On the company website, they simply mention that 81% of participants benefited from it, which they take from this study:
At program completion, 81% met the primary end point with GDH Program vs 63% Active Control ( P = 0.002)
So, entirely ignoring the primary outcome and just going with a highly misleading distortion instead. Which is something very common in psychosomatic academia, so it's actually hard to police any of this when they can simply link to published research by influential researchers saying all the same things. What the PACE authors did was far more egregious than this and they had most of the UK medical establishment and the editor-in-chief of The Lancet to shill for them.

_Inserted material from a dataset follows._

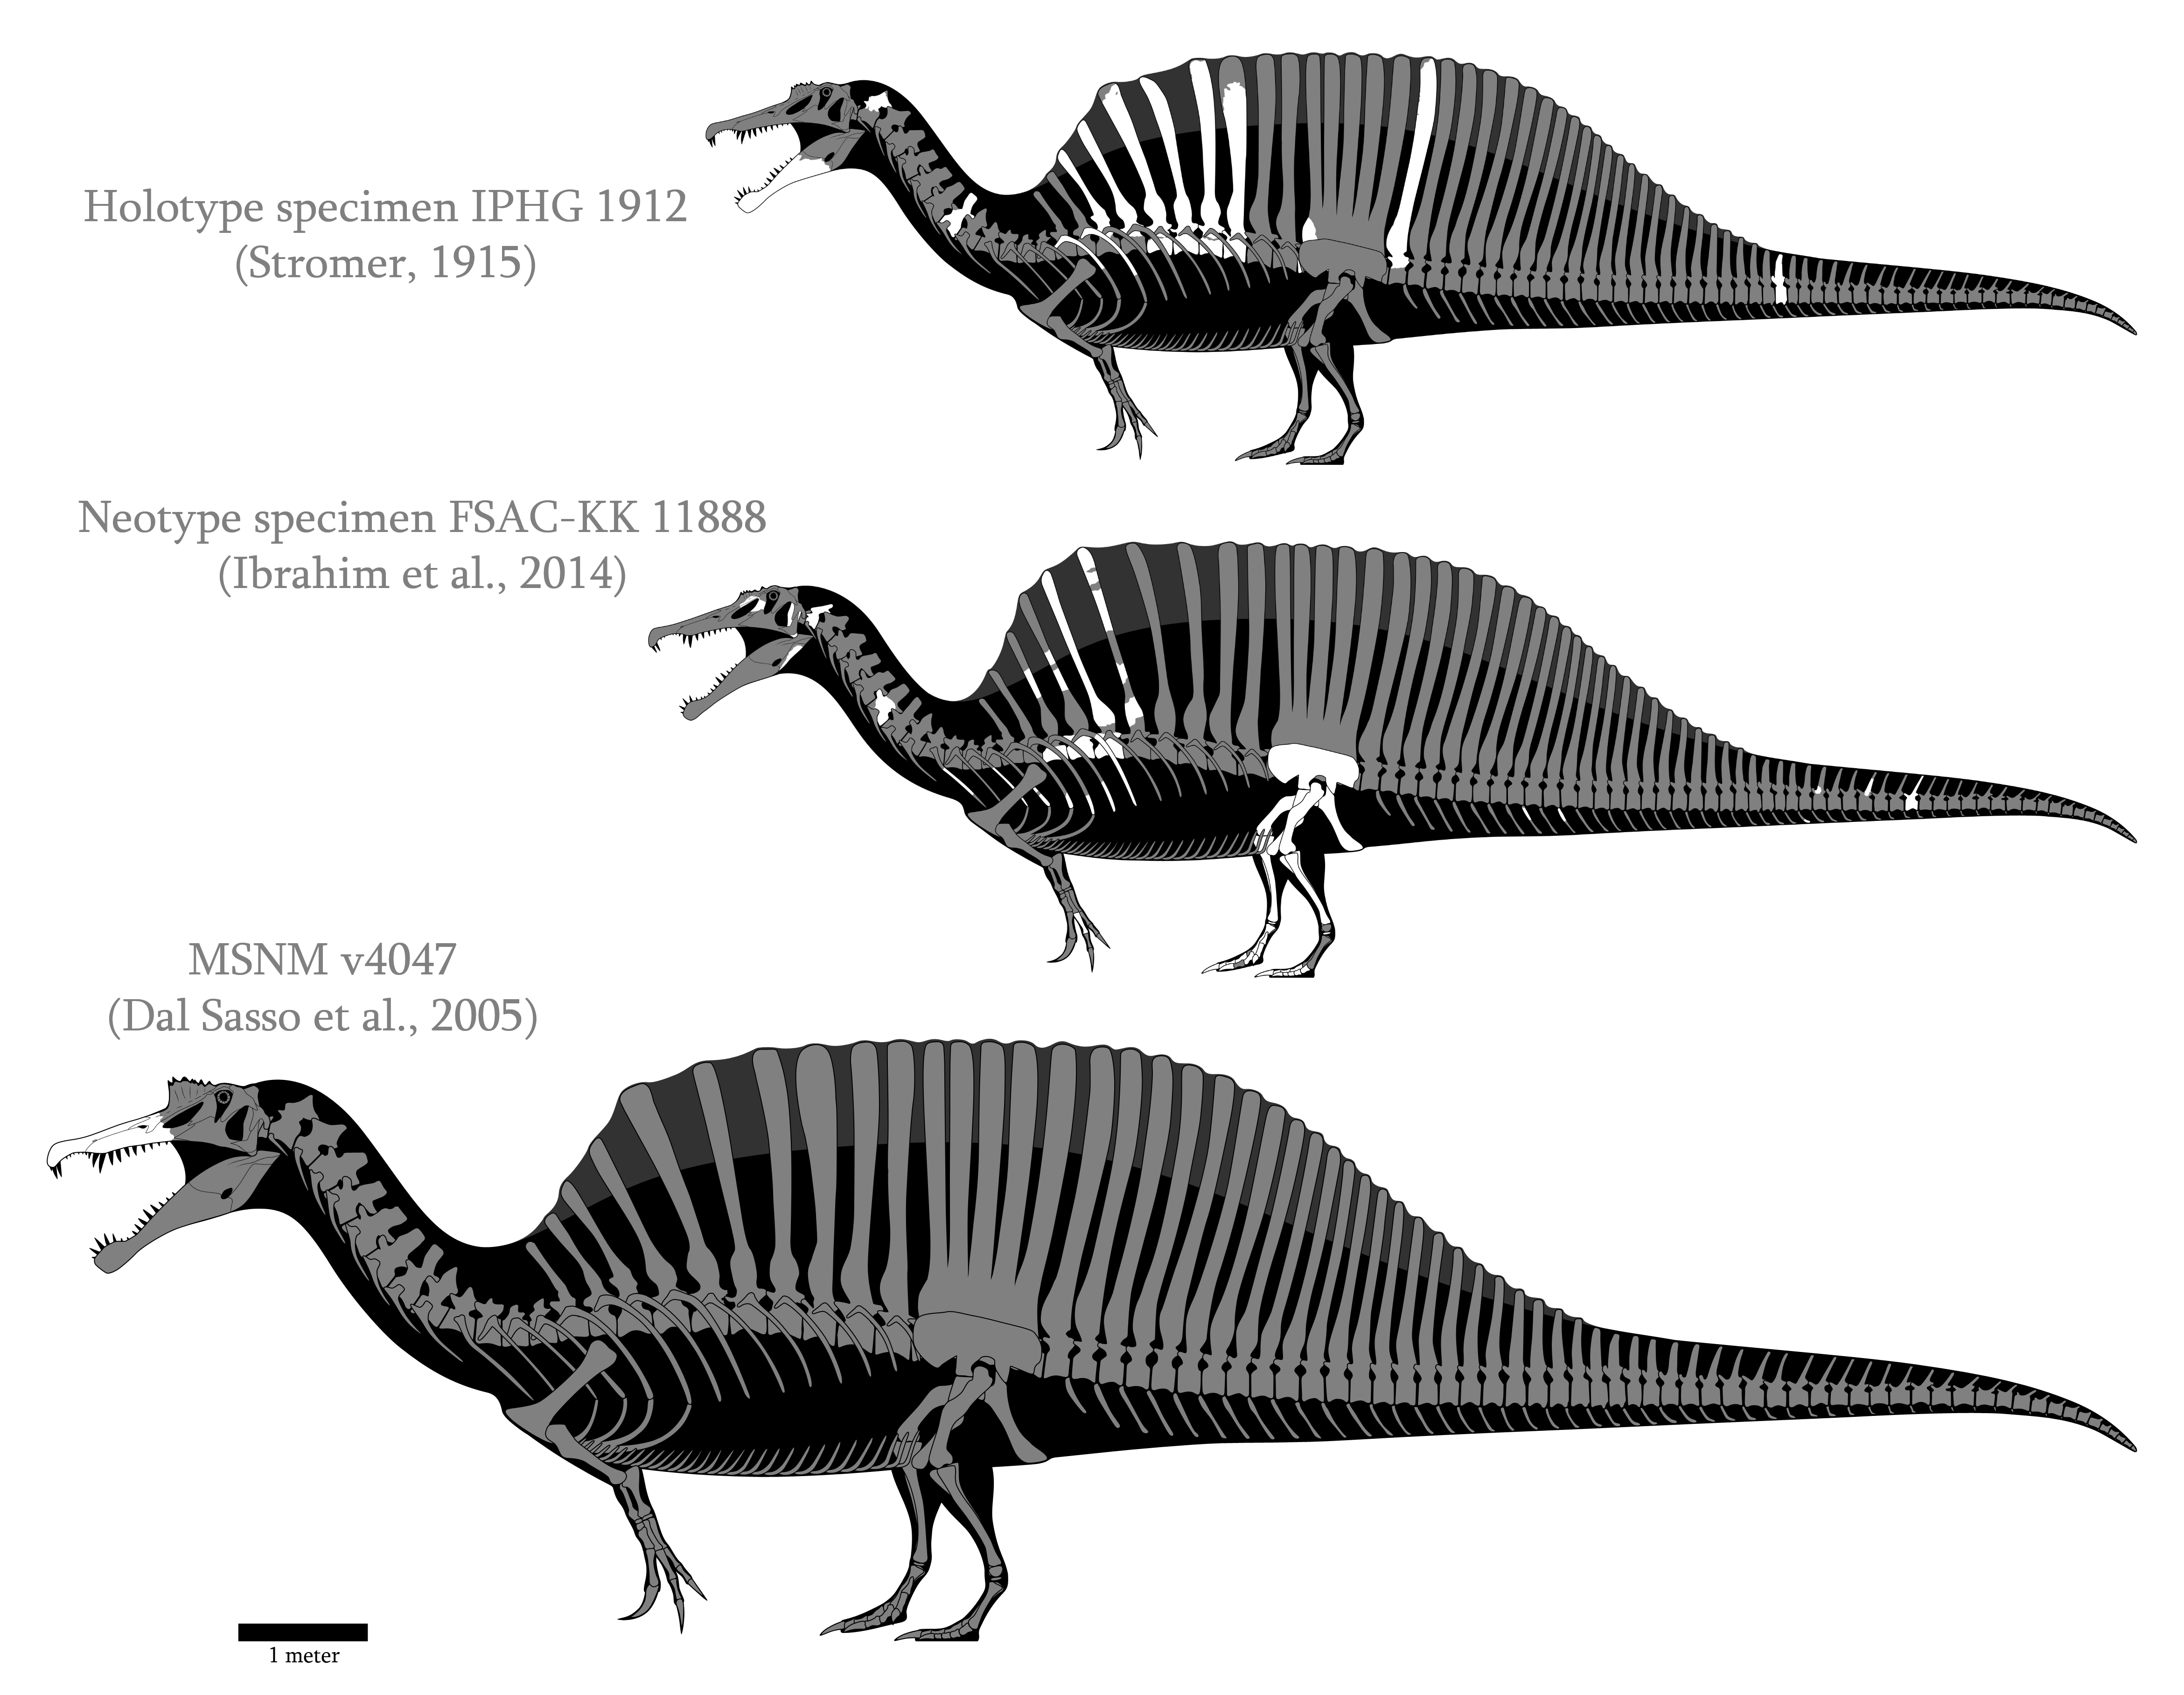 Spinosaurus aegyptiacus skeletals (2014-2017)

It really feels like totally madness how all of this is so obviously fraudulent but medical professionals basically seem addicted to it and refuse to face reality.
 
So, entirely ignoring the primary outcome and just going with a highly misleading distortion instead.
That was their primary outcome. They just chose a very bad one that will favour the intervention in most cases.

If you have a threshold X=10 for clinical improvement, and intervention A has a mean of X+1 and intervention B has a mean of X-1, you will find that participants in A reaches X in more instances than in B, even though the difference between the means between A and B = 2, well below the threshold X = 10.

Therefore choosing that outcome is a way to guarantee that you trial will be a success (A>X more often than B>X).

This kind of outcome (reaching a threshold in-group) really only measures if there is a separation between the groups, and tells you nothing about if A actually adds anything meaningful to what B already does, which is what we really care about, especially when the control is to do nothing!